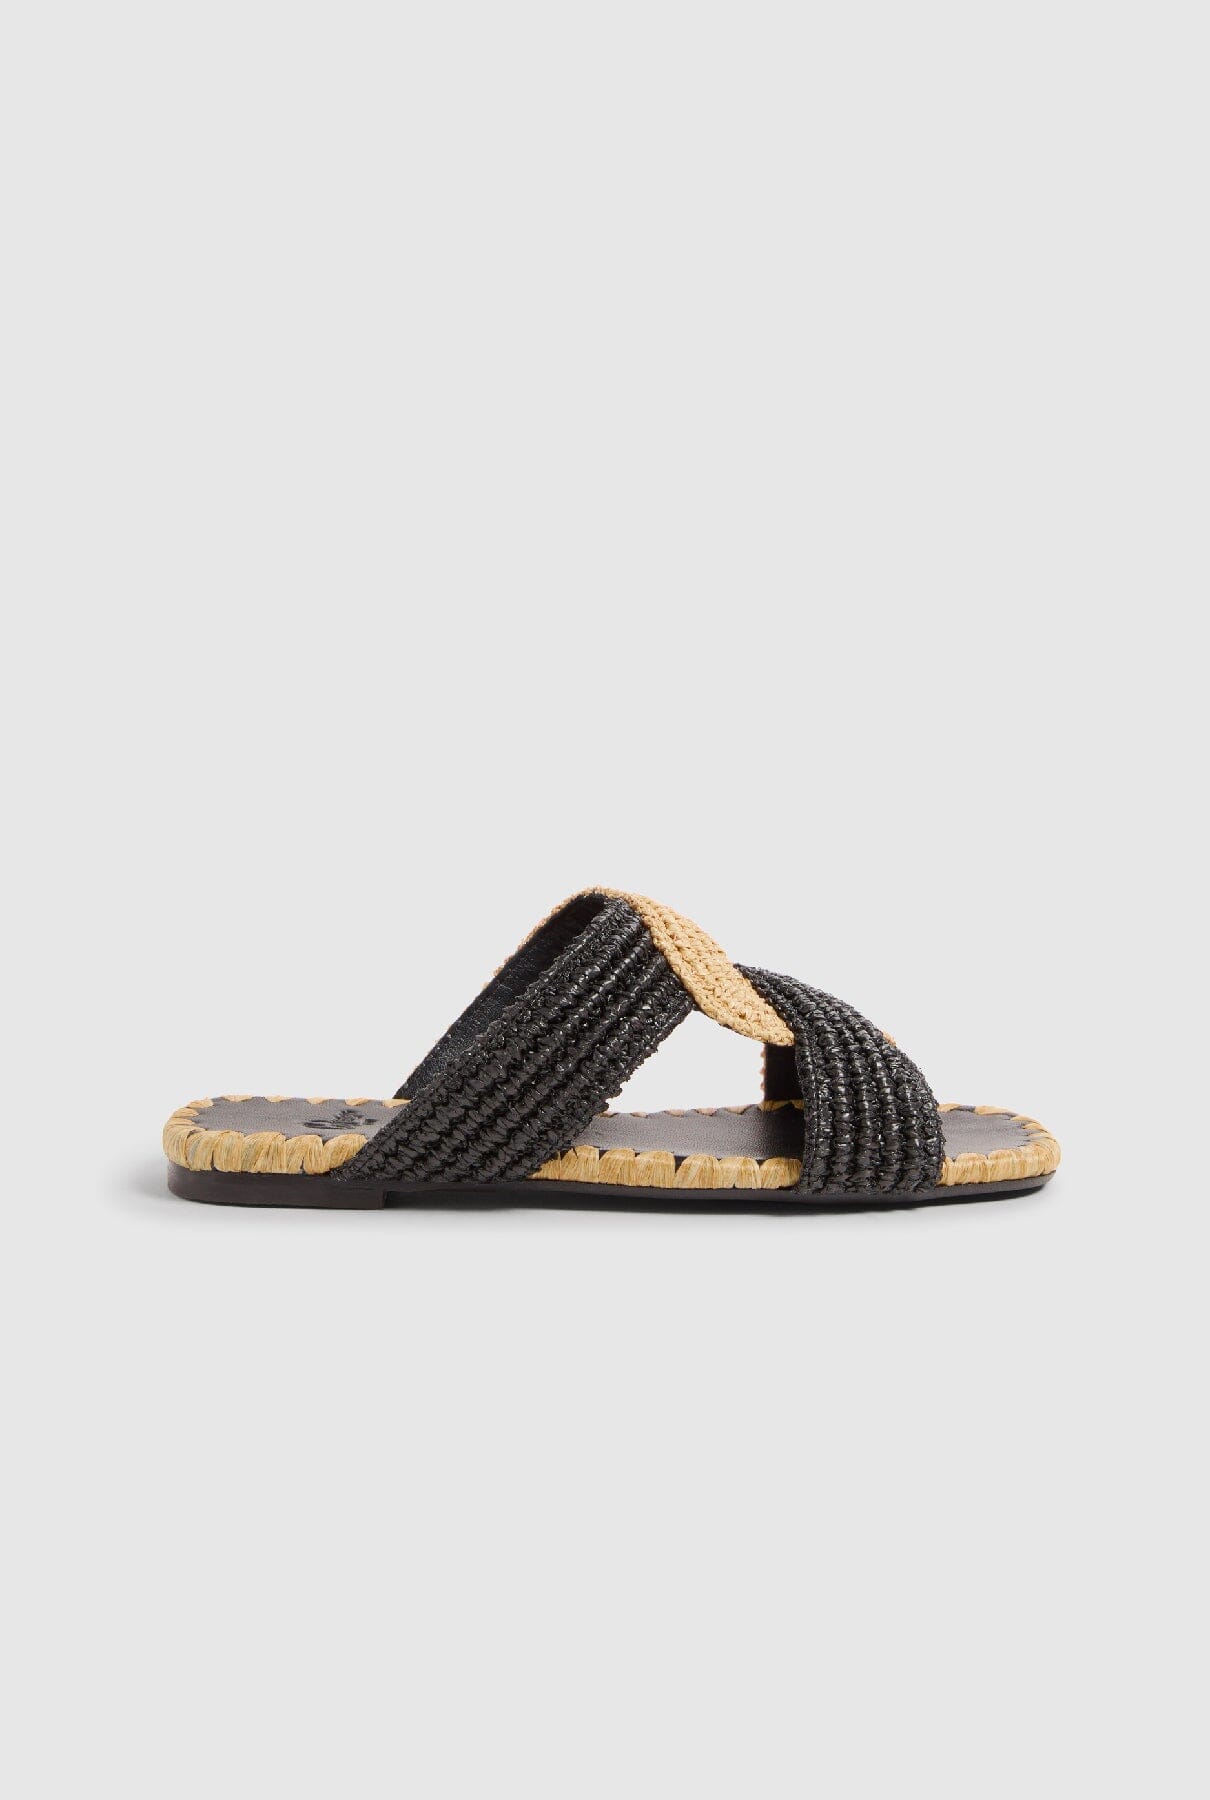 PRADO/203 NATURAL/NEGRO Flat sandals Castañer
---
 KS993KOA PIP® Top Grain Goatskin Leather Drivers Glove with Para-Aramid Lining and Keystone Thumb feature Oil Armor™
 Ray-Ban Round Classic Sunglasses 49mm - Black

● WHAT THE TASK REQUIRES
Could you restate, word for word, the lines above from the one with "KS993KOA PIP® Top" to the one with "Ray-Ban Round Classic", both included?

● RESULT OF THE TASK
 KS993KOA PIP® Top Grain Goatskin Leather Drivers Glove with Para-Aramid Lining and Keystone Thumb feature Oil Armor™
 Ray-Ban Round Classic Sunglasses 49mm - Black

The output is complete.